----- Data shown -----

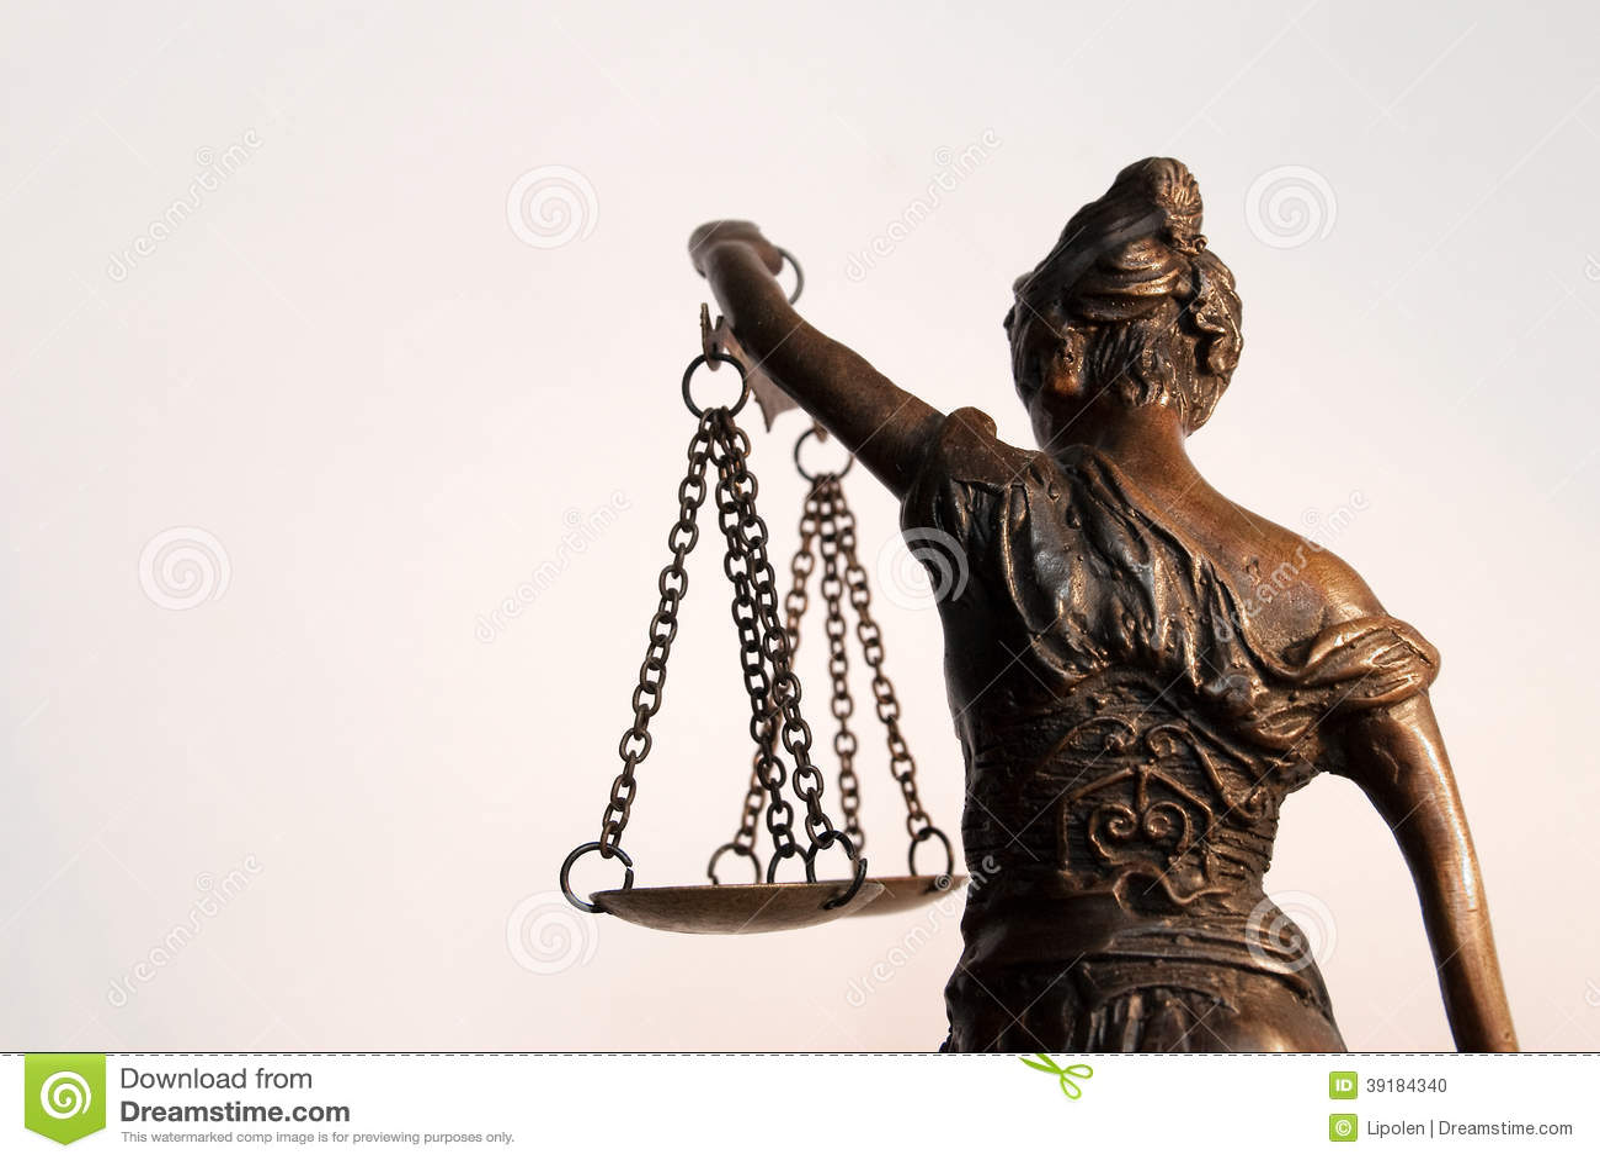 Señora Justice - Temida - Themis
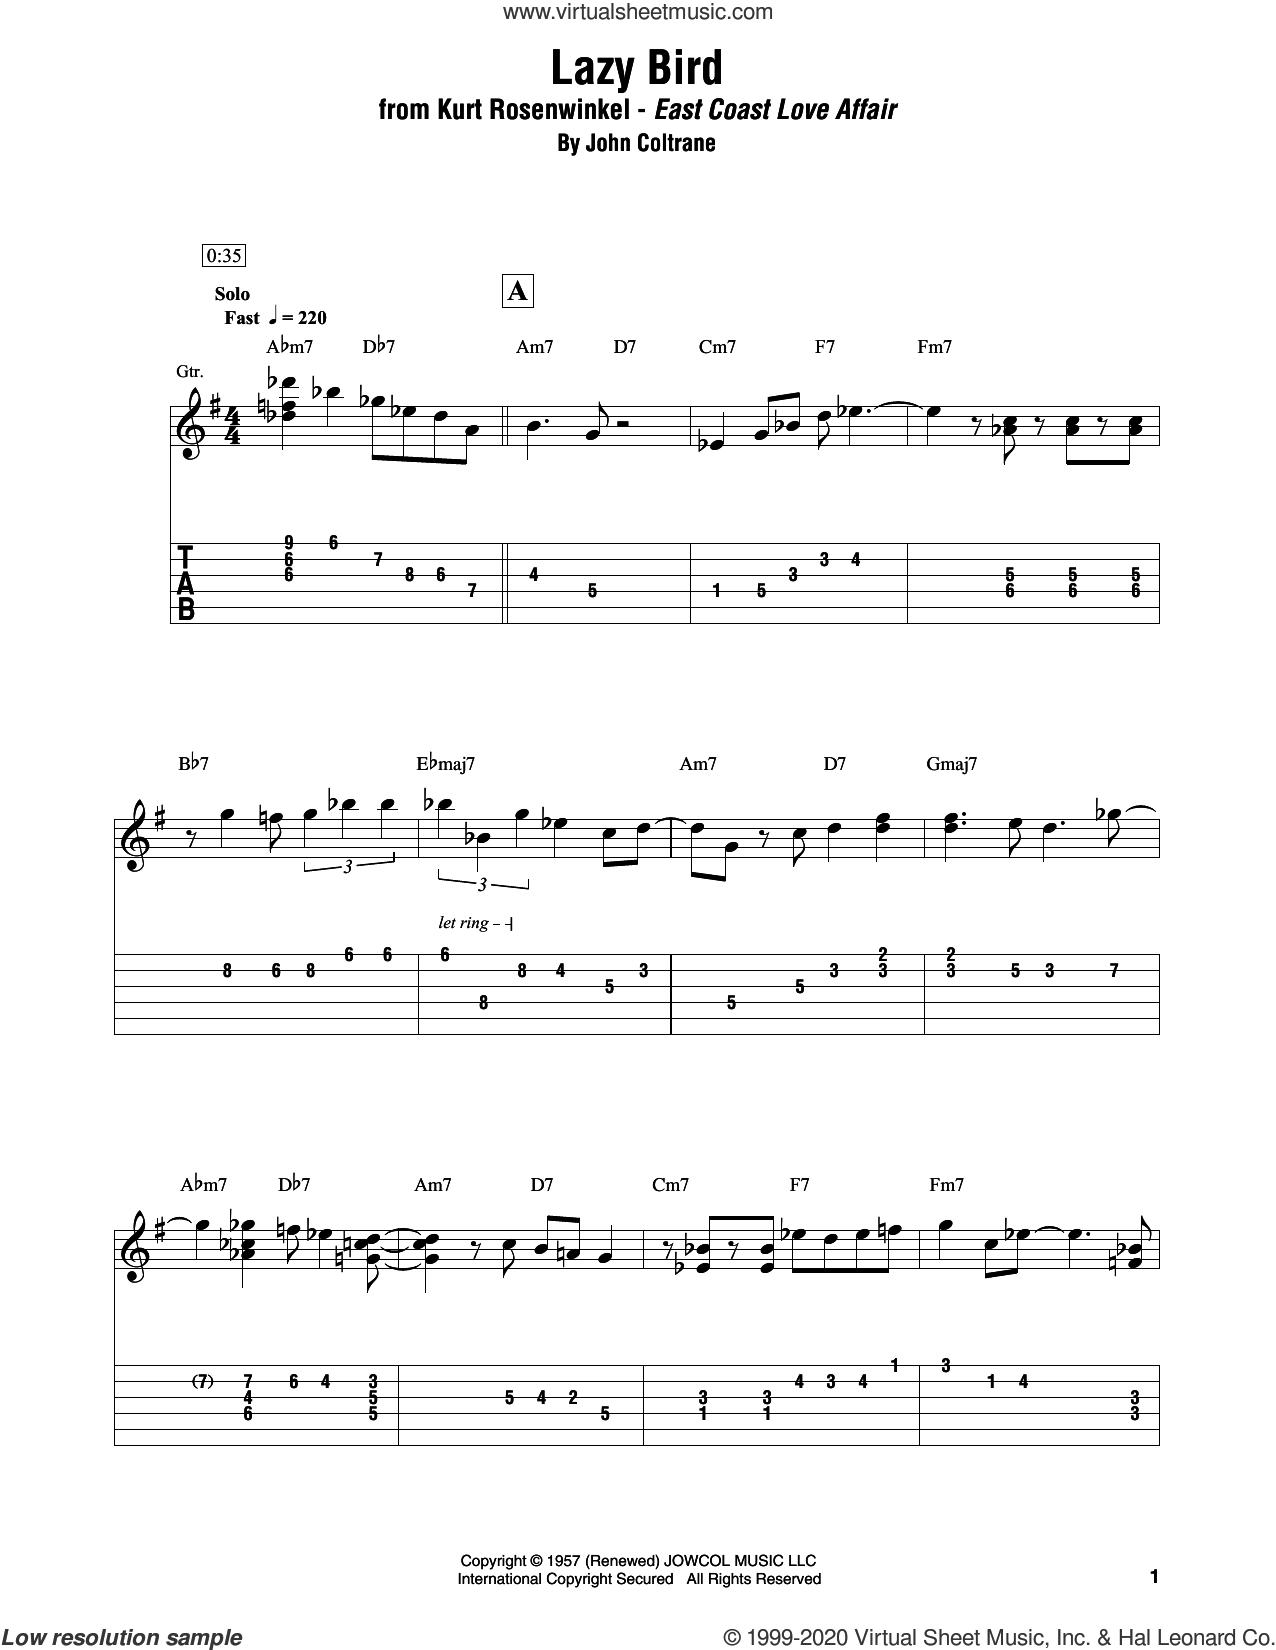 Lazy Bird sheet music for electric guitar (transcription) by Kurt Rosenwinkel and John Coltrane, intermediate skill level
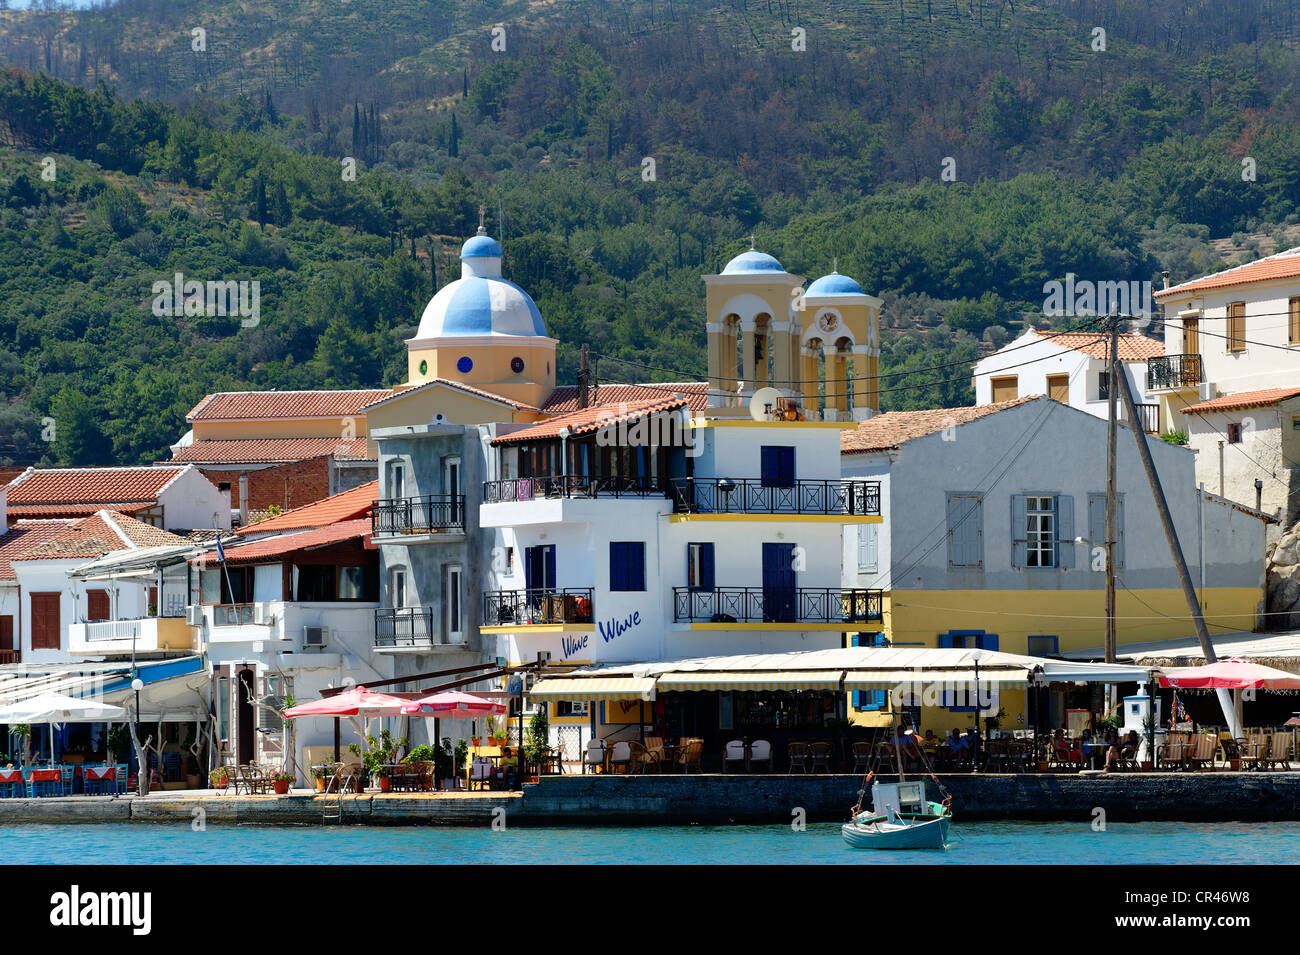 Harbour of Kokkari, with the church of Agios Nikolaos, Samos island, southern Sporades, Aegean sea, Greece, Europe - Stock Image

-----

Your instructions: Write the lines above out again exactly, without any of their pictures.

Response box:
 Señora Justice - Temida - Themis
 Lazy Bird sheet music for electric guitar (transcription) by Kurt Rosenwinkel and John Coltrane, intermediate skill level
 Harbour of Kokkari, with the church of Agios Nikolaos, Samos island, southern Sporades, Aegean sea, Greece, Europe - Stock Image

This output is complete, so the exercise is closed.